I am just so excited right now. My son was working with Holly while I was getting some photos of her. I not only ended up with enough good photos to put together a slide show, I think I'm going to have to get some of these enlarged. However, thats not the great part. If you look at the slide show you can see where Holly almost.. OH so close, got up on my son's hand.

http://www.flickr.com/photos/[email protected]/show/

YAY HOLLY!!!

Terri ~


----------



## sweetrsue (Jul 8, 2008)

I clicked on your link and a black screen came up and "Oh No", "We couldn't find anything" was written on it.


----------



## Terri Peters (Dec 24, 2008)

Hummm, now what? Your not the only one that couldn't see the show. I'll tinker with it tomorrow and see if I can find the problem.


----------



## Terri Peters (Dec 24, 2008)

OK, I think I have it fixed. I had my settings on Flickr set to private. I can't check it myself because the site remembers me, so of course it always works for me.

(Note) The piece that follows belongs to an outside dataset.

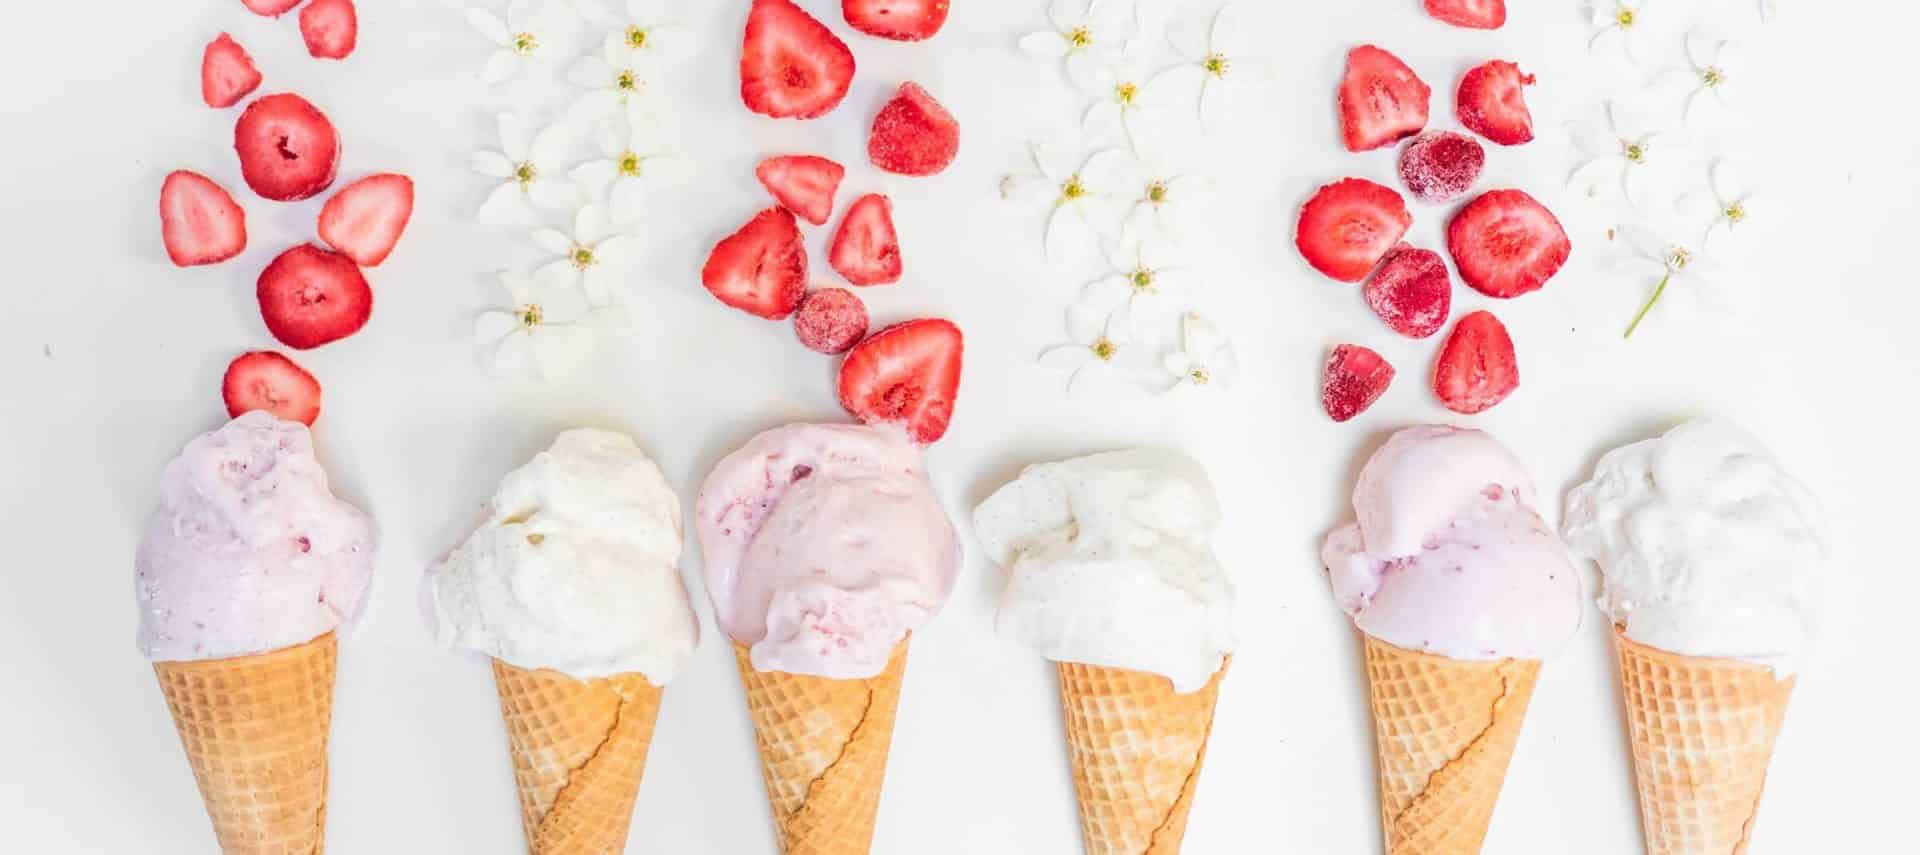 Ice cream cones with strawberries and flowers.

Give it a try again and let me know if it worked this time. If not I'm going to have to actaully read the instructions..LOL


----------



## hevmort (Nov 15, 2008)

*It worked for me, holly is a very pretty tiel. I really loved her markings. And ur son got very close to her.*


----------



## sweetrsue (Jul 8, 2008)

Wow! She looks terrific! What a beautifully marked girl!


----------



## xxxSpikexxx (Jul 30, 2007)

What a pretty girl Holly is


----------



## Renae (Feb 9, 2008)

One word to sum it all up: Stunning. That is what she is, kudos.


----------



## kimmikefids (Aug 2, 2008)

oh wow she is so adorable!! and i see her on ur hand on one point!!!


----------



## skthurley (Jan 7, 2009)

Stunning!


----------



## superluvrgurl (Sep 7, 2008)

nice pictures


----------



## Terri Peters (Dec 24, 2008)

Thanks everyone for the nice comments on Holly and the photos. I'm having a blast with her and Yes, she does like the camera. I had a couple of photos I had to dump because she came right up to the lens and with one eye try to peer into the camera. She is certainly a little ham!


----------



## kikee (Aug 19, 2008)

Wow.... what great photos. Holly is a very pretty little girl.


----------